Шрифт:
Интервал:
Закладка:
«Прислушайся я тогда к голосу разума, — рассказывает Вадим, — я бы предложил ей избавиться от ребенка. Но при данных обстоятельствах, учитывая все те эмоции, что обычно сопровождают таинство появления на свет человека — даже если шансы на то, что она будет любить этого младенца равнялись один к тысяче, — я все-таки посоветовал ей рожать. Мы ездили с ней по городу часа полтора. Я убеждал ее, что если она не родит этого ребенка, то так до конца дней своих и не узнает, способна ли она на материнскую любовь или нет. По-моему, эта дискуссия, что имела место между мной и ею в машине, сделала свое дело, убедив ее оставить ребенка».
Правда, Брижит искала совета не только у одного Вадима. Столкнувшись со столь серьезной дилеммой, она обратилась за советом к Кристине Гуз-Реналь.
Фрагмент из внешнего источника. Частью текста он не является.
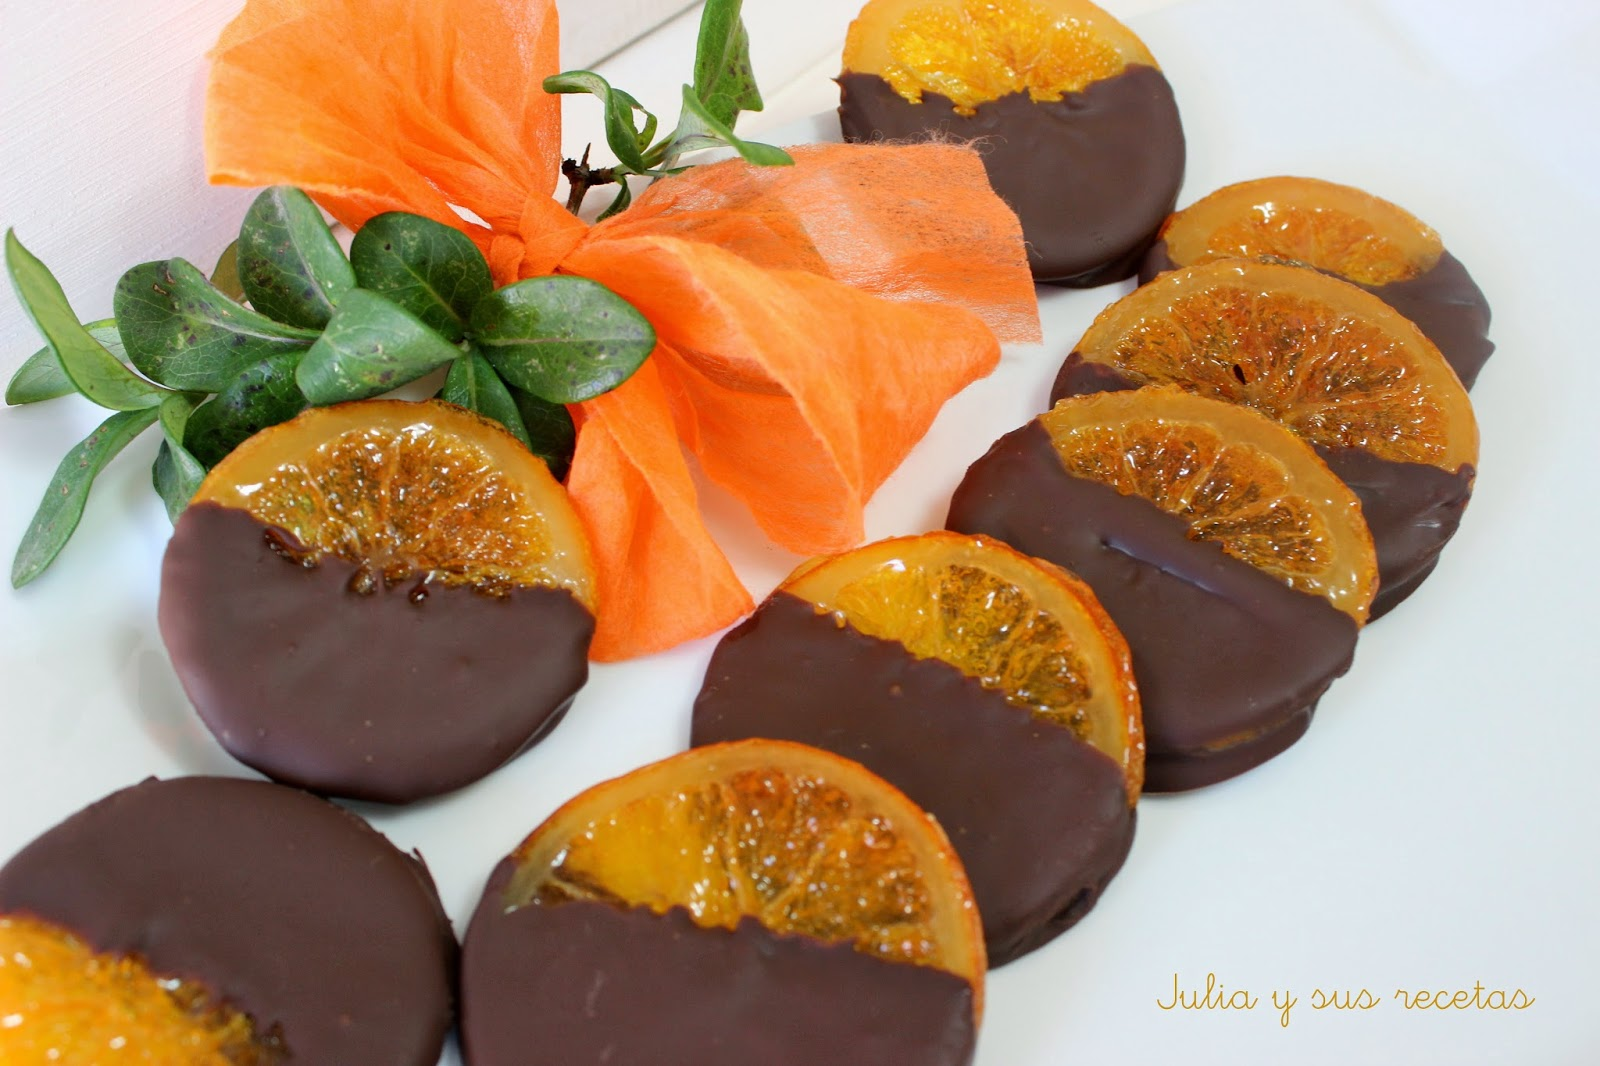 Naranjas confitadas con chocolate. Julia y sus recetas

Женщины обсудили ситуацию, и Гуз-Реналь, которой также было известно о нежелании Брижит обременять себя детьми, предложила помочь ей с абортом. Во Франции аборт все еще оставался под запретом — кстати, такое положение сохранится еще десять лет, — однако те, кто был в состоянии заплатить за эту операцию, могли без труда договориться с врачами. Однако когда Гуз-Реналь и Брижит обратились к одному светилу французской гинекологии, который обычно с готовностью брался за подобные операции, тот ответил отказом якобы по медицинским показаниям. Клиника же в Швейцарии отказала Брижит на том основании, что она-де теперь слишком знаменита.
Вот что говорит Гуз-Реналь: «Теперь Брижит ни за что не удалось бы прошмыгнуть в клинику, чтобы об этом не узнал всяк и каждый в радиусе сотни километров. И разумеется, никто из врачей, занятых в этом подпольном бизнесе, не желал «засветиться» в газетах».
Брижит поставила в известность Шарье, и тот потребовал, чтобы она сохранила ребенка. А еще, сказал он, им надо пожениться.
Не уверенная в себе, в страхе перед грядущим материнством, терзаемая сомнениями, сумеет ли она справиться с ребенком, Брижит тем не менее согласилась. Как бы там ни было, к этому времени в газеты уже просочилась весть о том, что она в положении. Прервать беременность на этой стадии было практически невозможно.
Стоит ли удивляться — принимая во внимание все те пакости, которые ей уже приходилось терпеть от газет, — что они с Шарье держали свадебные планы в секрете. Они оба опасались, как бы нашествие поклонников и репортеров не омрачило скромное семейное торжество. Кстати, у них имелись все основания для опасений.
Не имея возможности венчаться в церкви — ведь в глазах Ватикана Брижит по-прежнему оставалась замужем за Вадимом, — они назначили на 18 июля гражданскую церемонию, которая должна была состояться в мэрии Лувесьенна.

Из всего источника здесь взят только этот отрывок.